• Task description
Give back exactly the lines from the one holding "Emu Tracks Muscle" to the bottom of the material, both included, and nothing more. No pictures.

• Given material
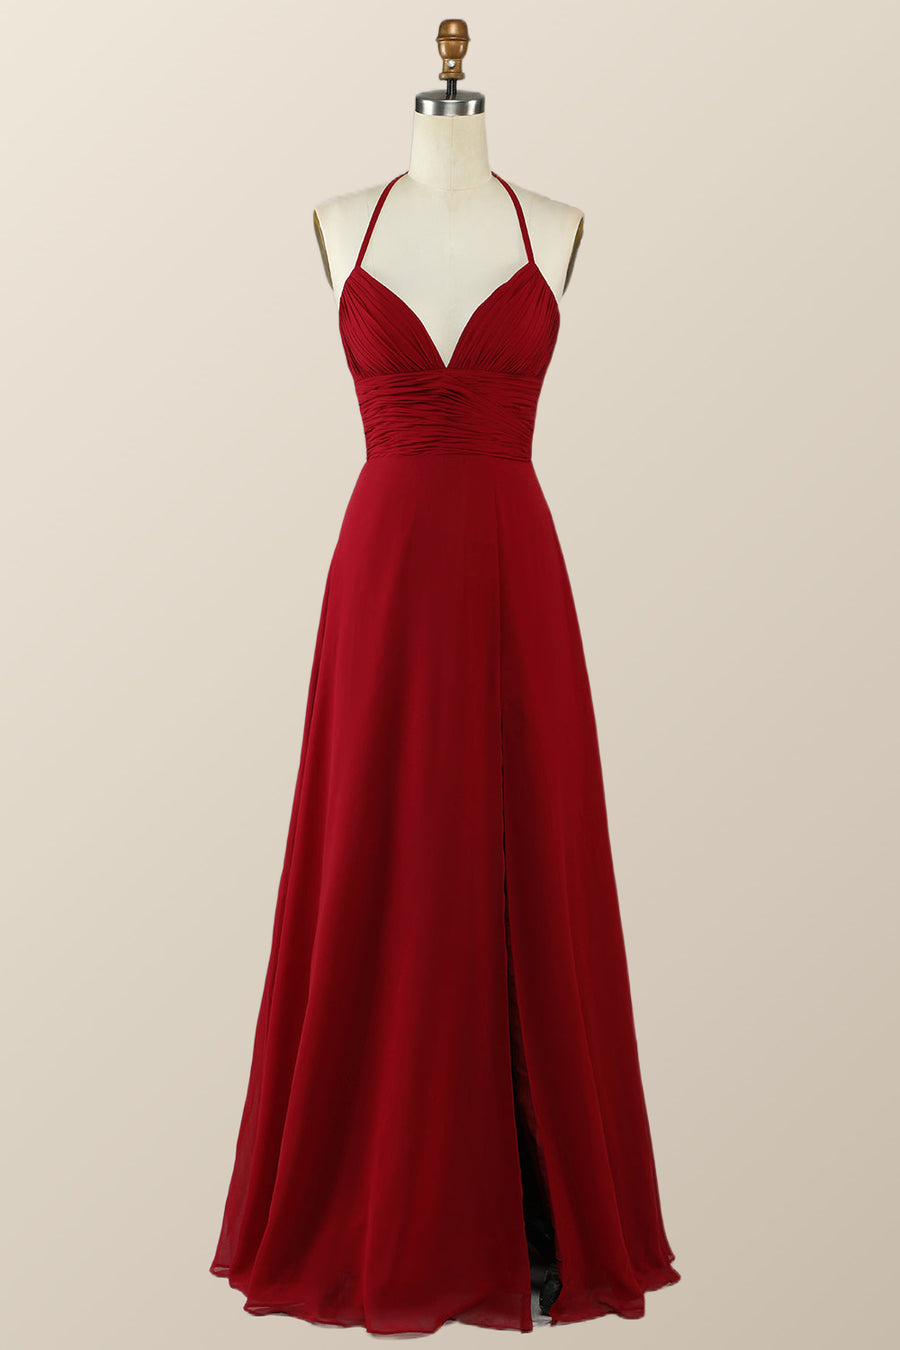 Halter Red Pleared Long Bridesmaid Dress with Slit
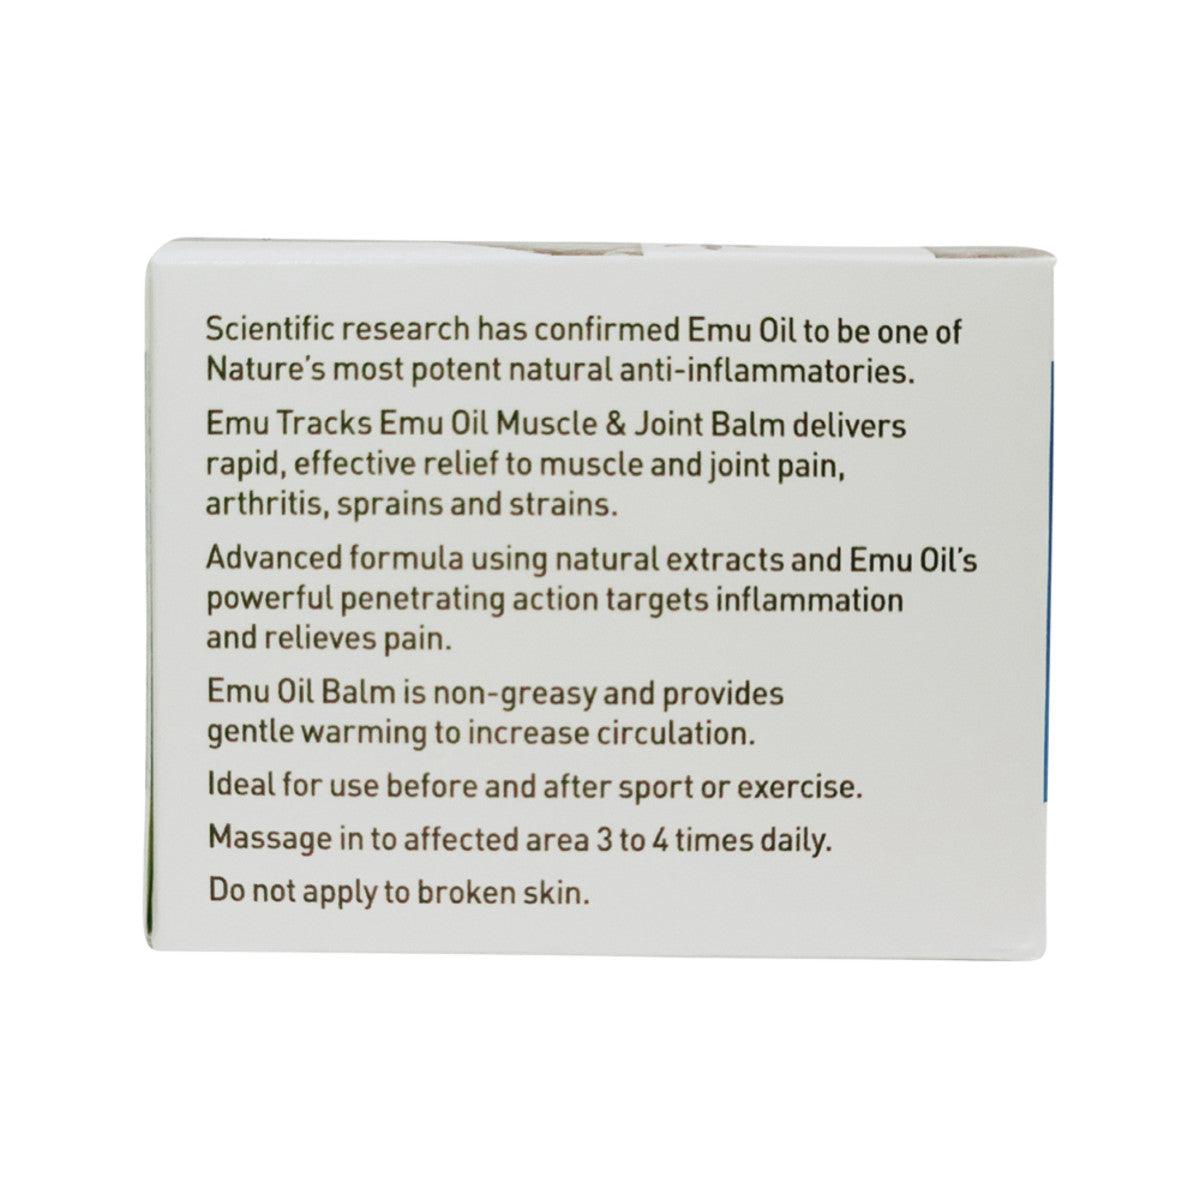 Emu Tracks Muscle and Joint Balm 50g - QVM Vitamins™
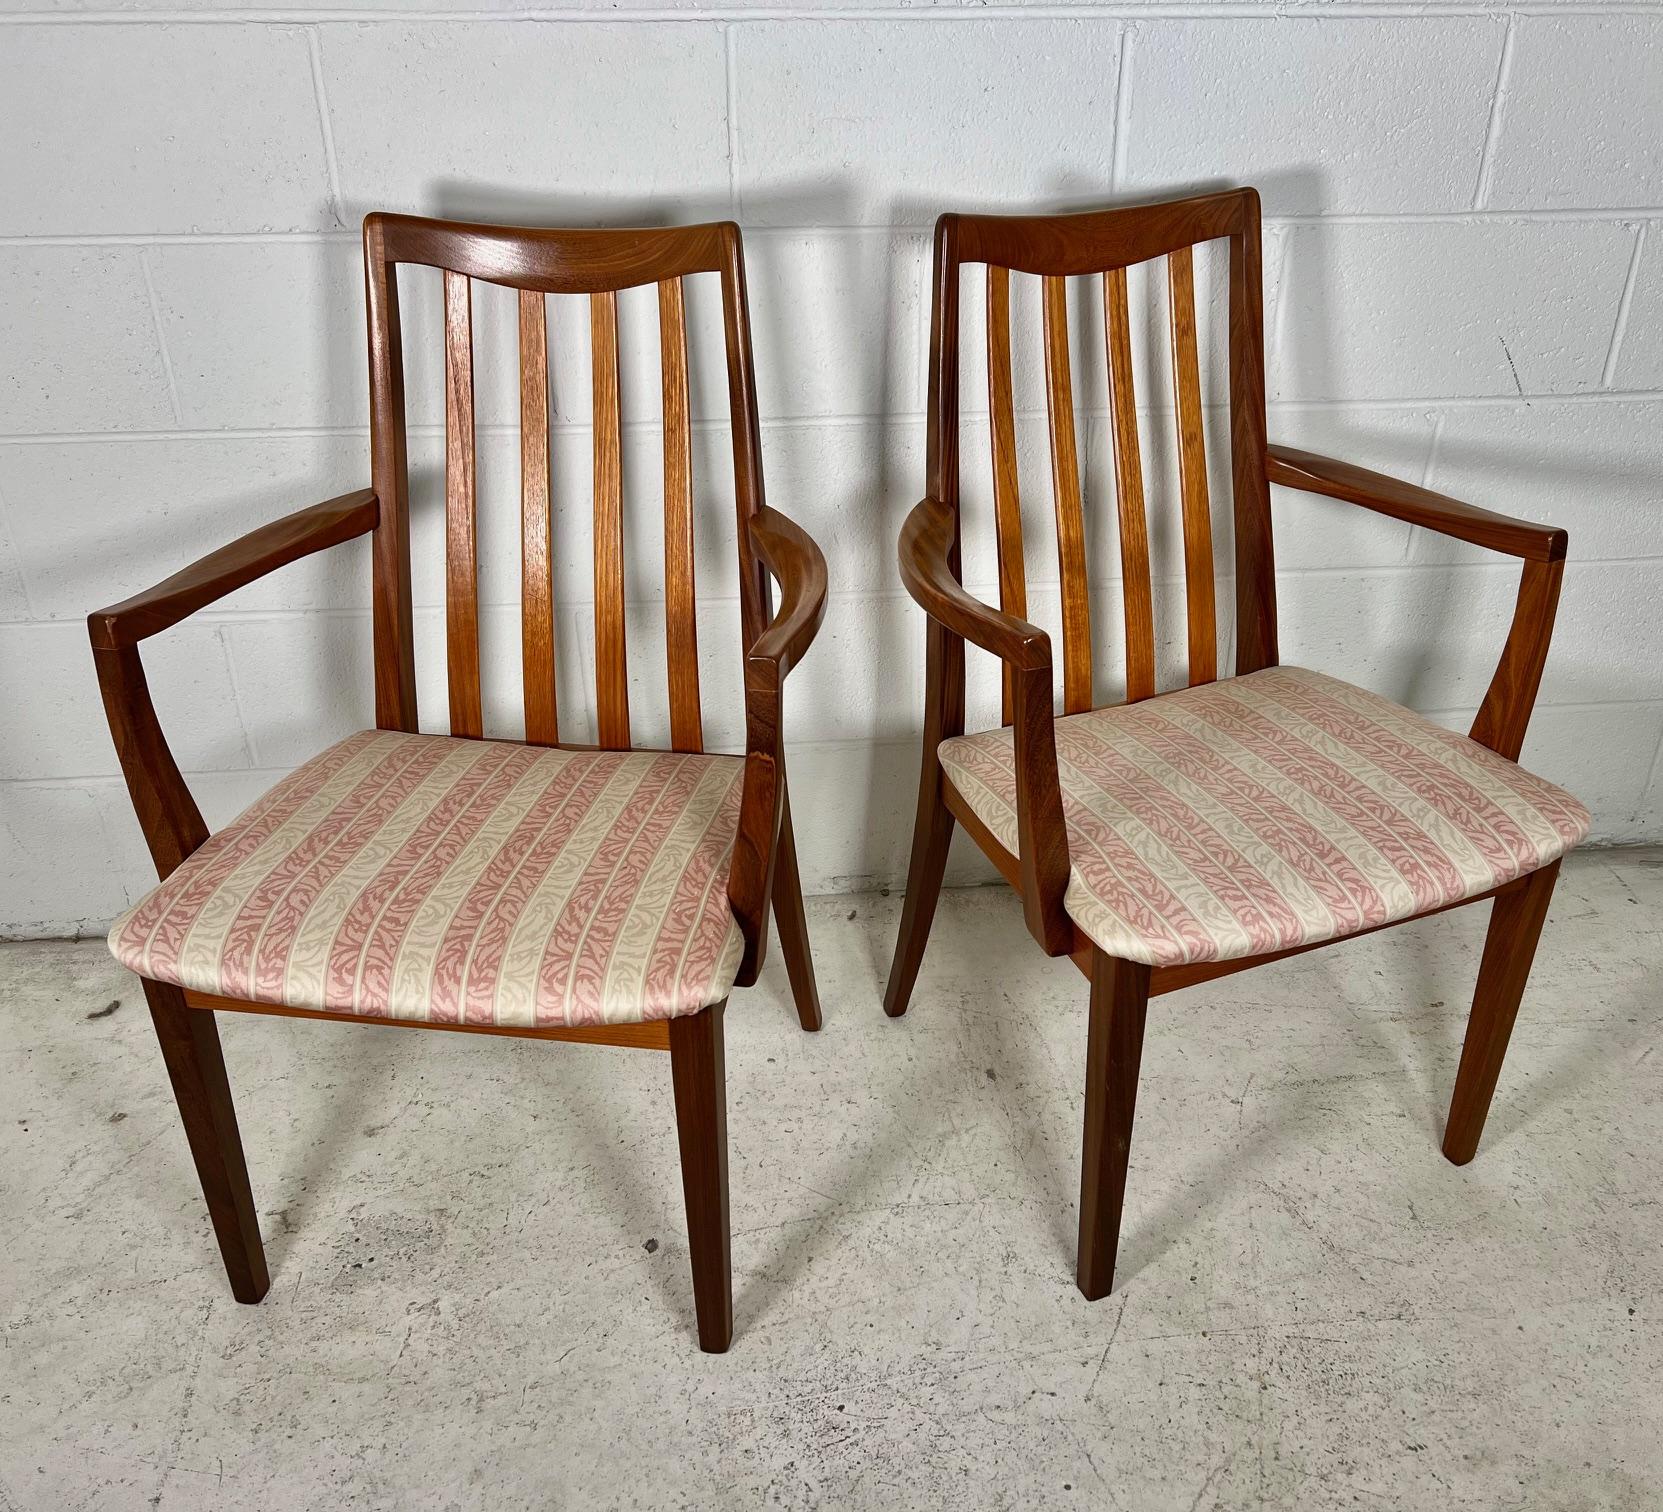 Set Of 6 Mid Century Modern Teak Chairs By G Plan Slat Back  2 With Arms 11
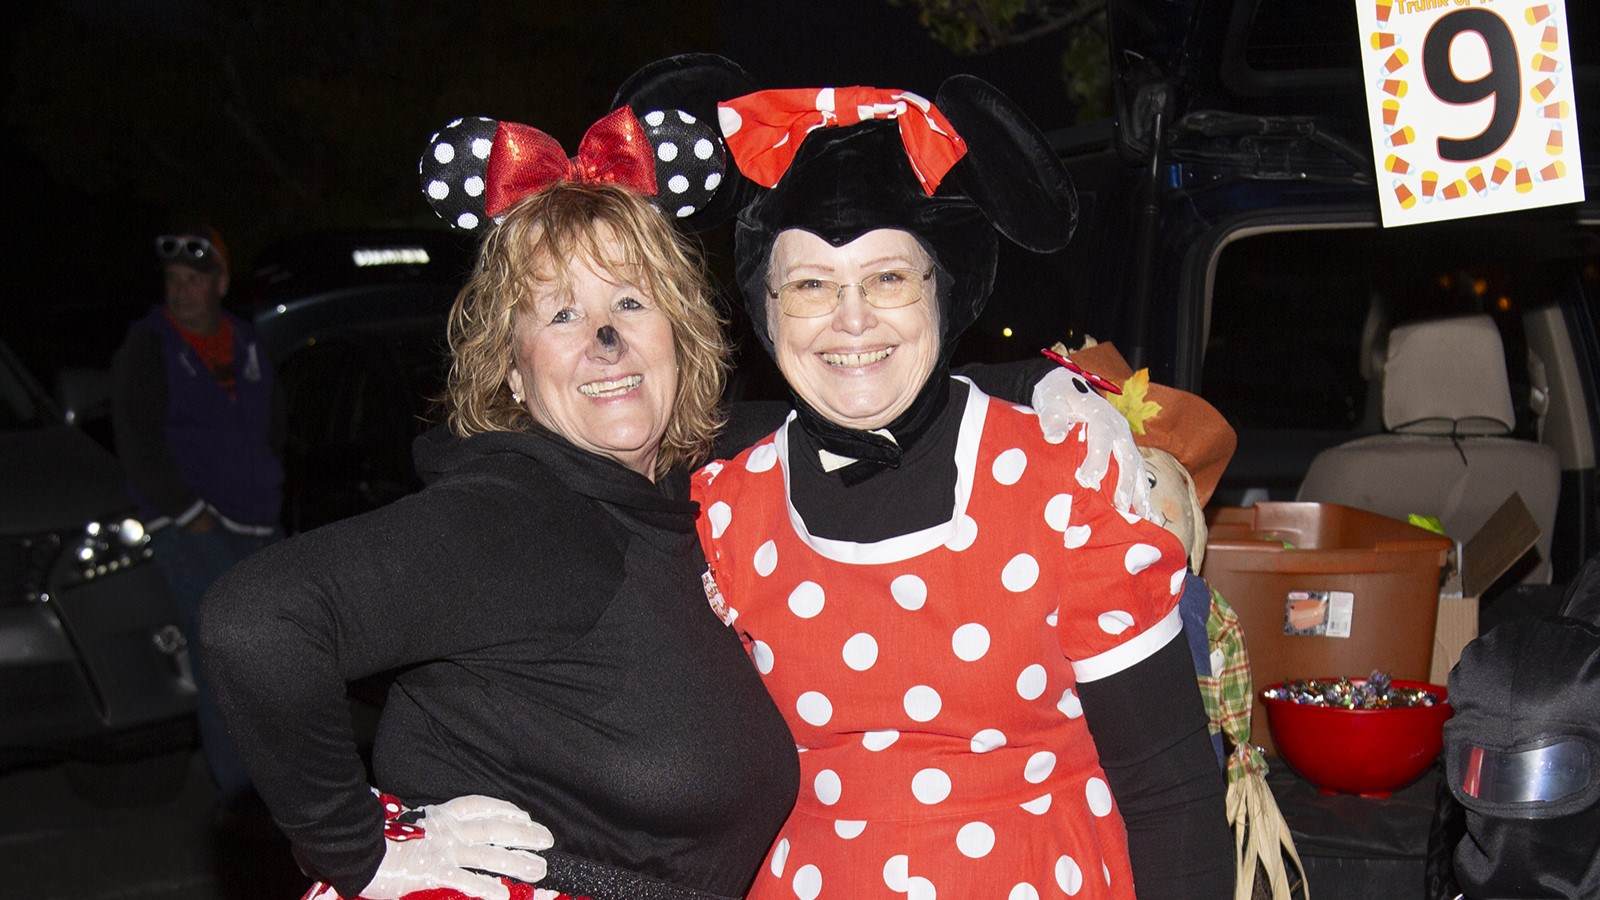 Two women dressed as Minnie Mouse for Halloween.

• Written answer
 Emu Tracks Muscle and Joint Balm 50g - QVM Vitamins™
 Set Of 6 Mid Century Modern Teak Chairs By G Plan Slat Back  2 With Arms 11
 Two women dressed as Minnie Mouse for Halloween.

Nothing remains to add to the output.